EaSy Data (Earth System Data Repository) was launched on November 6th 2023. This repository for long-tail data on the Earth system and the environment is supported by Data Terra and operated by BRGM. EaSy Data has been identified as the national thematic repository for so-called 'orphan' or long-tail data on the environment and the Earth system. This data results from research projects with a finite duration (projects or publications) and its acquisition/development, preservation and dissemination are not organised on a permanent or community basis.
Structuring the research data environment bolsters scientific collaboration and promotes interdisciplinarity through the sharing and re-use of data. Long-term human and financial resources are required to support the development of professions and skills. This is why Sylvie Rousset calls for "recognition of all these professions and profiles in career assessments". Currently, the skills associated with the FAIRisation of data are being effectively defined and efforts are being made to assign greater recognition to the specific nature of professions involved in managing, preserving and disseminating data like data librarians, curators or stewards, etc.
By 2025, the HAL open archive (French link) developed by the CNRS and the CCSD should also provide a service for direct deposits of datasets associated with publications that will then be made accessible via Recherche Data Gouv. Also that year, the Recherche Data Gouv ecosystem will apply to become a research infrastructure that is part of the national strategy (French link).
Recherche Data Gouv is currently also working towards European recognition (see box) and needs to find a sustainable economic model and governance system. To achieve this, a unit with its own staff and resources and operating under several supervisory authorities will be set up in 2024. Its financial support from the MESR will continue until 2026. Work on the harmonisation of legal information is also ongoing to support data teams and workshops on these complex issues which often need tailor-made solutions. "We hope this ecosystem can expand so it can provide this support and make the work of all institutions and research teams easier through a kind of snowball effect that will speed up the process", concludes Isabelle Blanc.

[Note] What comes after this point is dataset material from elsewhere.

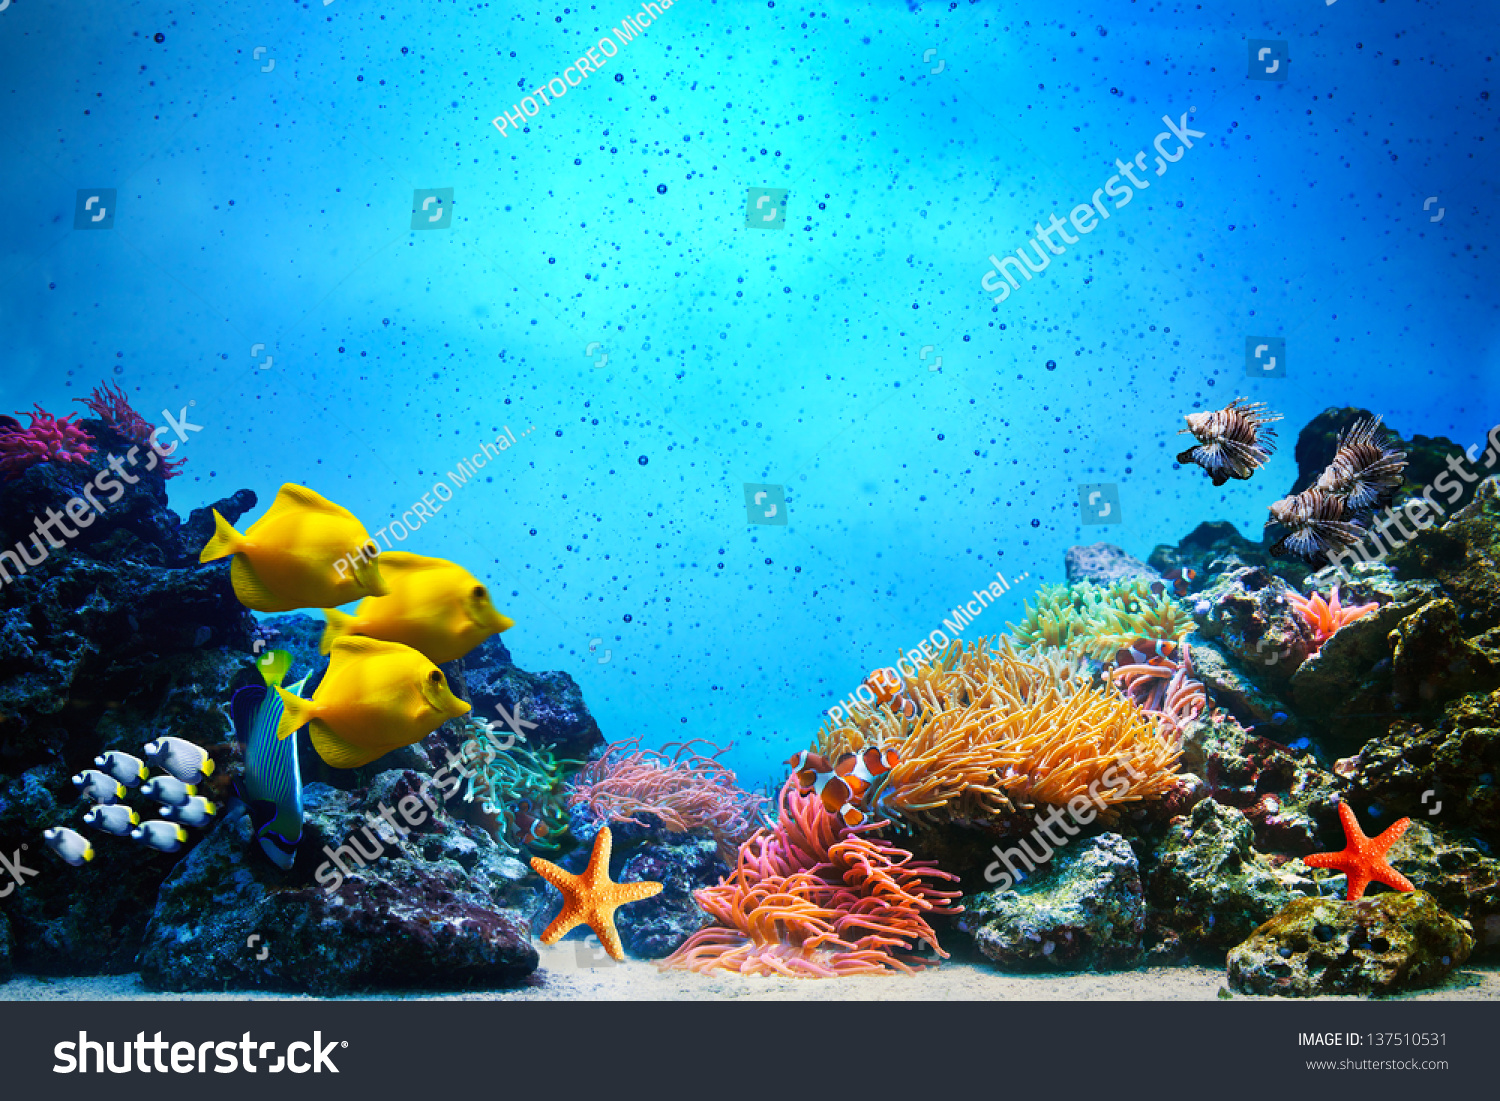 Underwater scene. Coral reef, colorful fish groups and sunny sky shining through clean ocean water. Space underwater for you to fill or just use standalone. High res #137510531
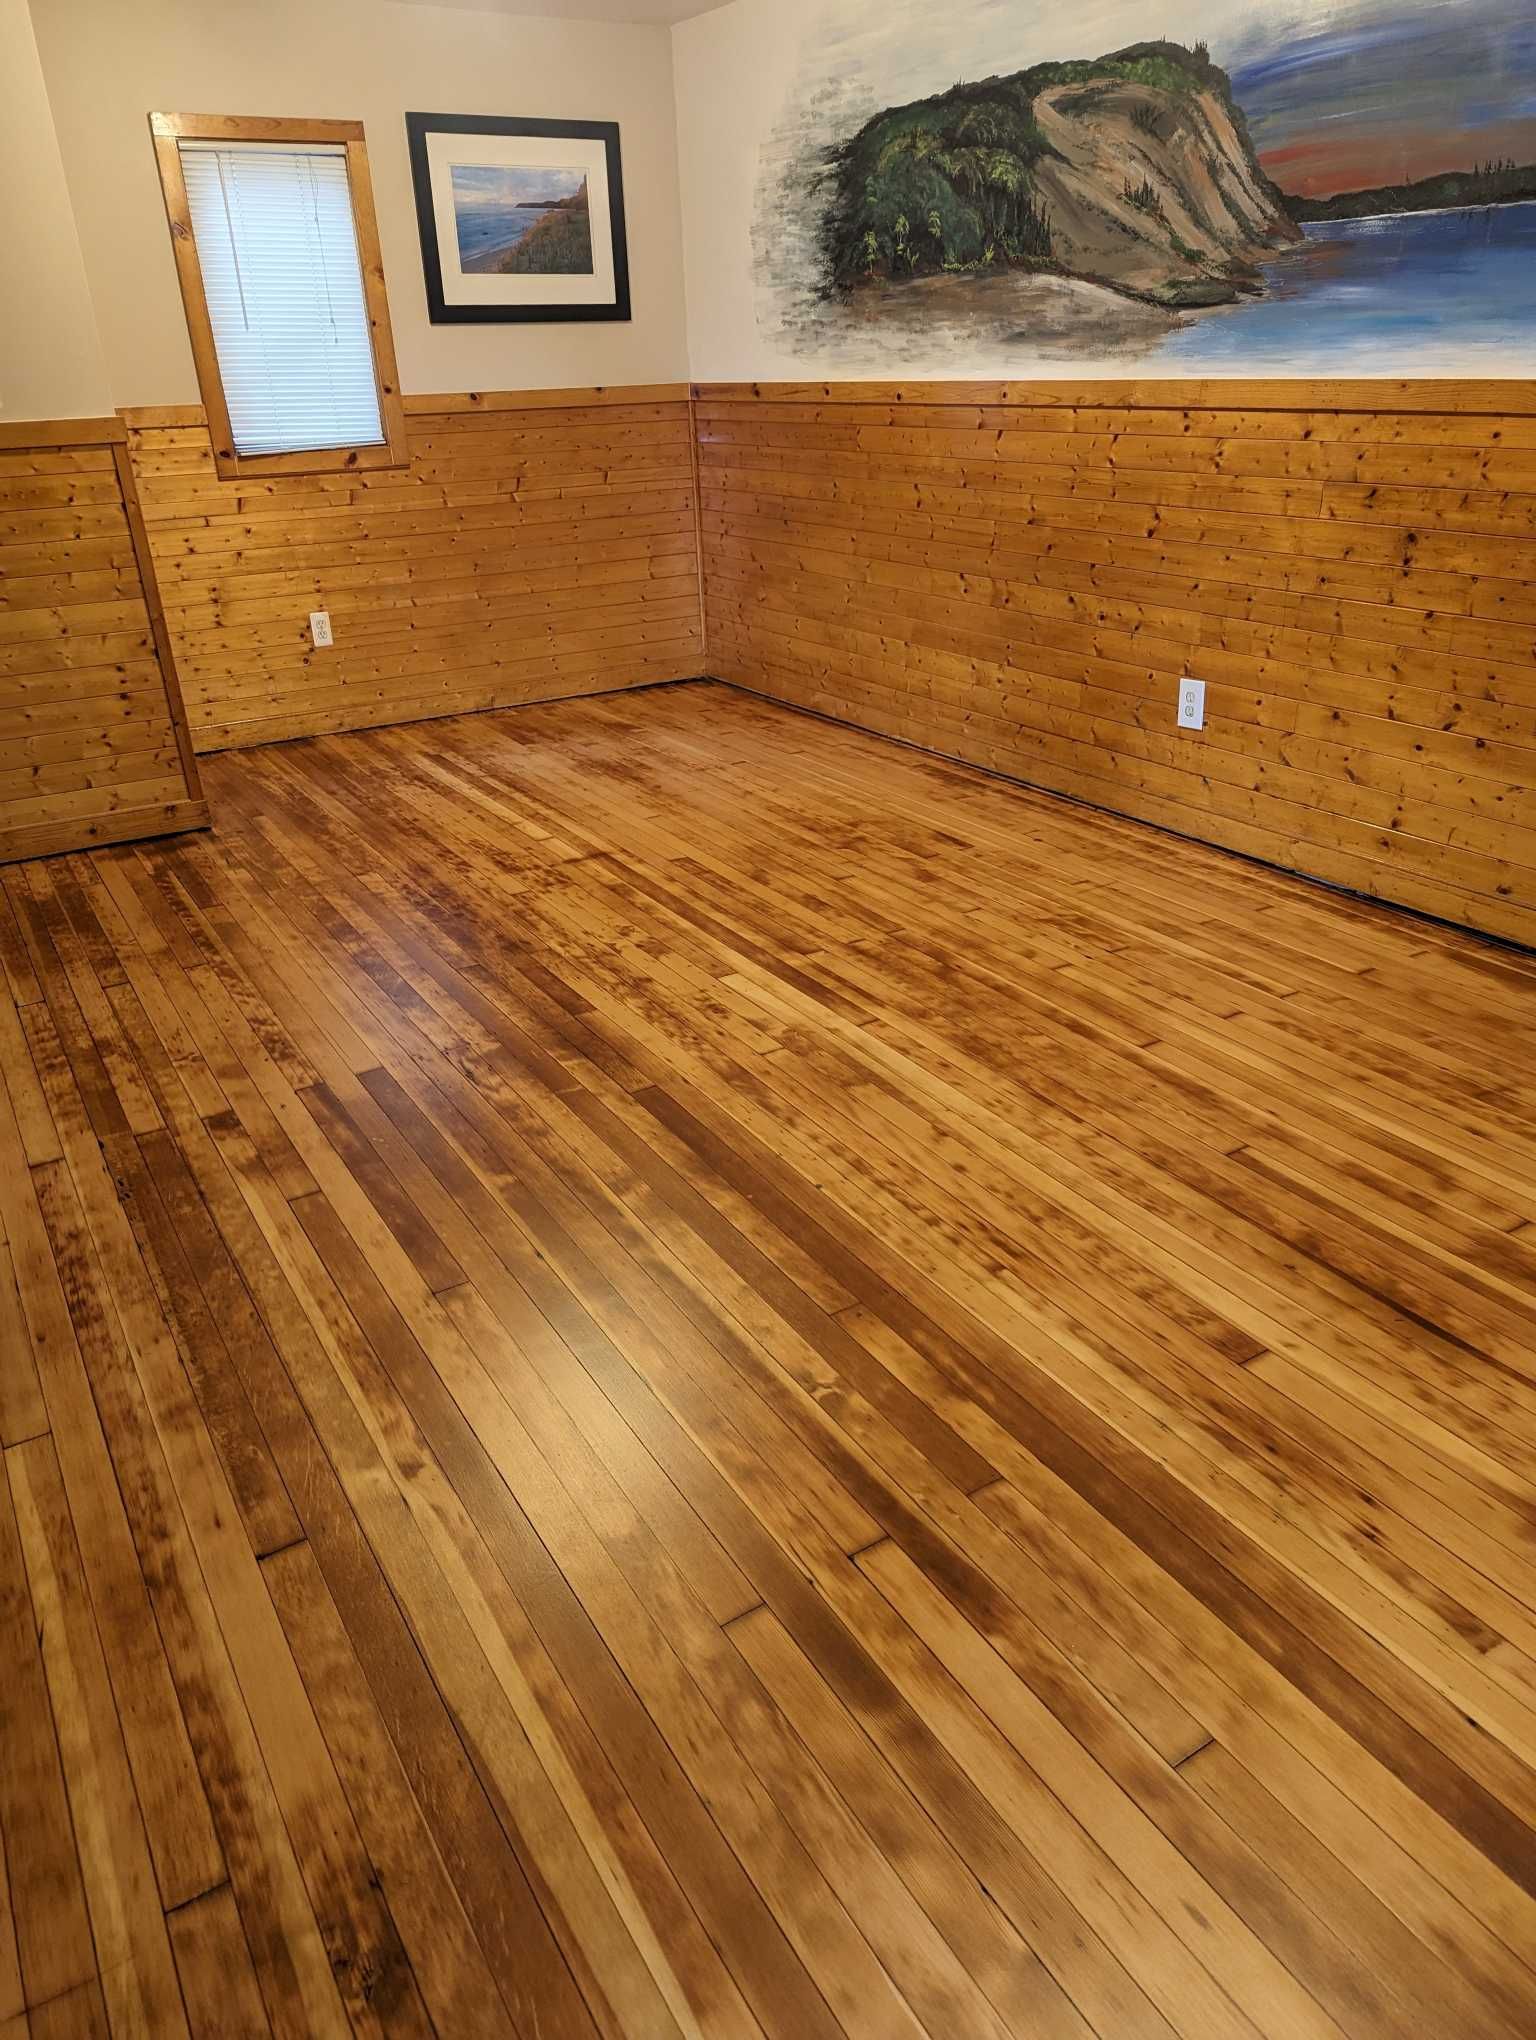 new wood flooring in a room

The Recherche Data Gouv steering committee is preparing several applications for 2024 to bring it closer to the European Open Science Cloud (French link) (EOSC) project. This should enable the national platform to become part of the catalogue of services EOSC makes available for European scientists. Recherche Data Gouv's data management clusters made up of experts that support research teams could become expertise centres recognised at European level. "The national Recherche Data Gouv platform and the European EOSC project have complementary approaches and can feed off each other", explains Suzanne Dumouchel, the head of international cooperation at the DDOR and a member of the EOSC association's board of directors. She considers that "the strategies are similar, building on existing tools and including the issues of skills and data and metadata quality. Its scope, ambition, objectives and national dimension mean Recherche Data Gouv also meets the criteria envisaged to become a future national EOSC node". However the French Ministry aims to go further and Isabelle Blanc reveals that "we are currently taking part in the construction of a European consortium with counterparts who have developed similar projects to respond to a 2024 EOSC call for generic nodes that provide services to all scientific communities throughout Europe".